The term ''primary open-angle glaucoma'' refers to a condition characterized by elevated IOP and characteristic optic disk and/or visual field damage with no other identifiable cause at slit-lamp examination. However, the use of the word ''primary'' is suggestive of a single, discrete entity with a specific mechanism of disease causation. More likely, this category represents an assortment of disorders, as we are now seeing with the discovery of multiple genetic loci. Similarly, the term ''normaltension glaucoma'' (or ''low-tension glaucoma'') has been used to define a group of patients with glaucomatous damage but IOP less than some arbitrarily defined number. This is an artificial distinction based on population statistics. Interpretation of this term as previously used in the literature is further complicated by the recent realization that Goldmann tonometry is influenced by corneal thickness, a factor not routinely measured previously. The term ''idiopathic open-angle glaucoma,'' which reflects the present state of ignorance about the cause of the disease, would be more appropriate. As specific causes are discovered and named, the pool of idiopathic glaucoma patients will gradually decrease in size.
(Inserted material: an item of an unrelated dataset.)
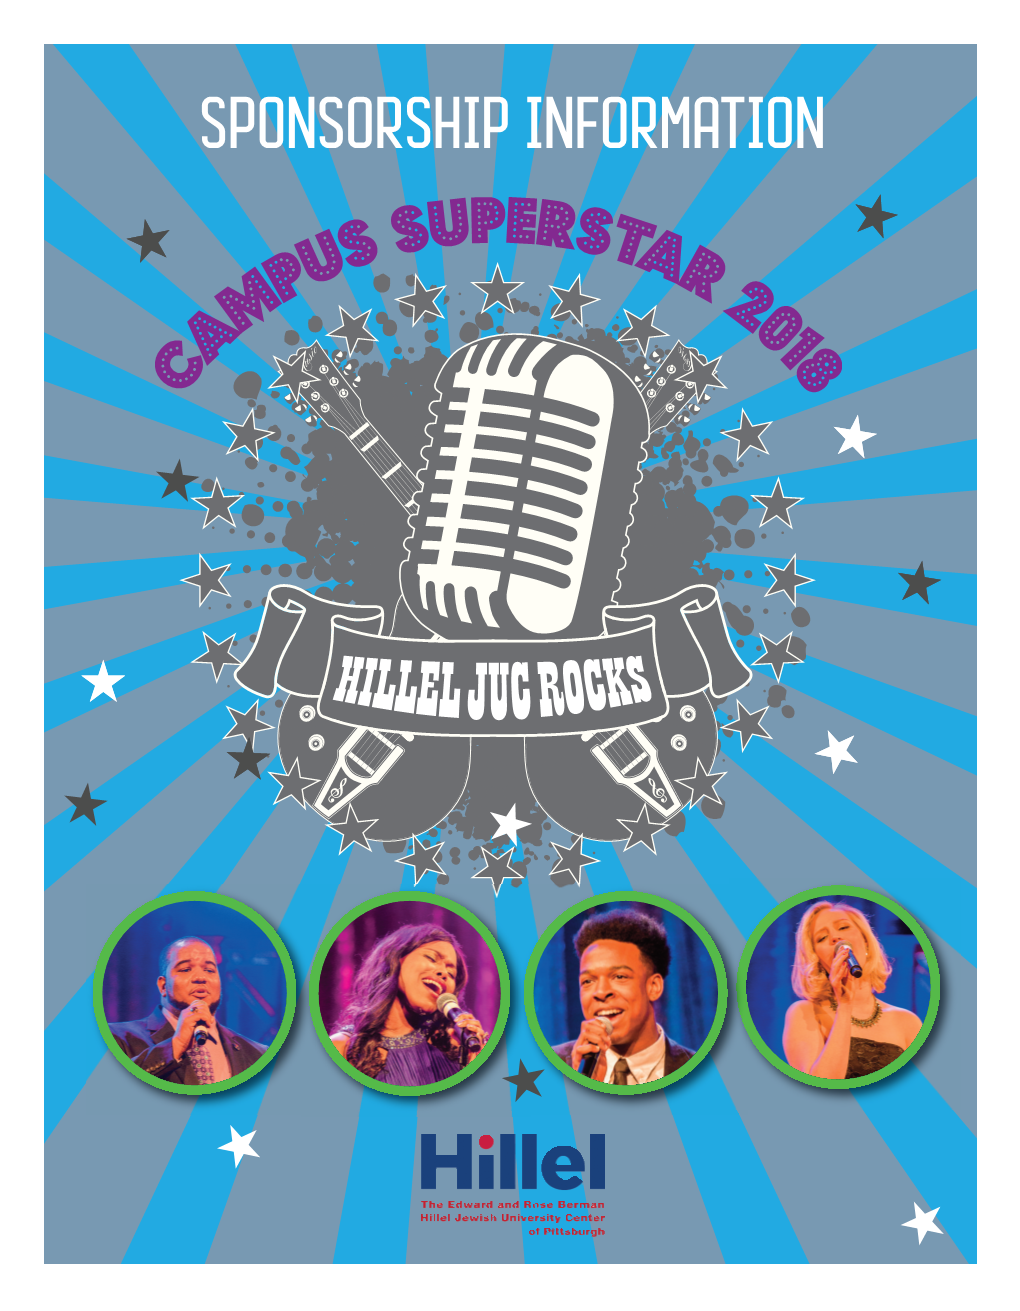 What Is Campus Superstar? D • a High-Caliber Solo Singing Competition Featuring Our Region' S Most Talented College Students

The concept of primary and secondary glaucomas is more a reflection of incomplete understanding regarding the pathophysiologic events that ultimately lead to glaucomatous optic atrophy and visual field loss than of any true division of the glaucomas into primary and secondary forms.23 The term "discrete glaucomas'' is used here to refer to well-defined entities for which there is a better understanding of causation and associated ocular findings. In the past, treatment of these glaucomas has been virtually identical to that of idiopathic (primary) open-angle glaucoma. This singularity of treatment was unfortunate, because it reduced the emphasis on accurate diagnosis and delayed the development of disease-specific treatment modalities. The sections that follow emphasize the differences in treatment of discrete glaucomas from that of idiopathic open-angle glaucoma. Some of these differences are inferential, based on logic and empirical findings, and have yet to be proven in clinical trials.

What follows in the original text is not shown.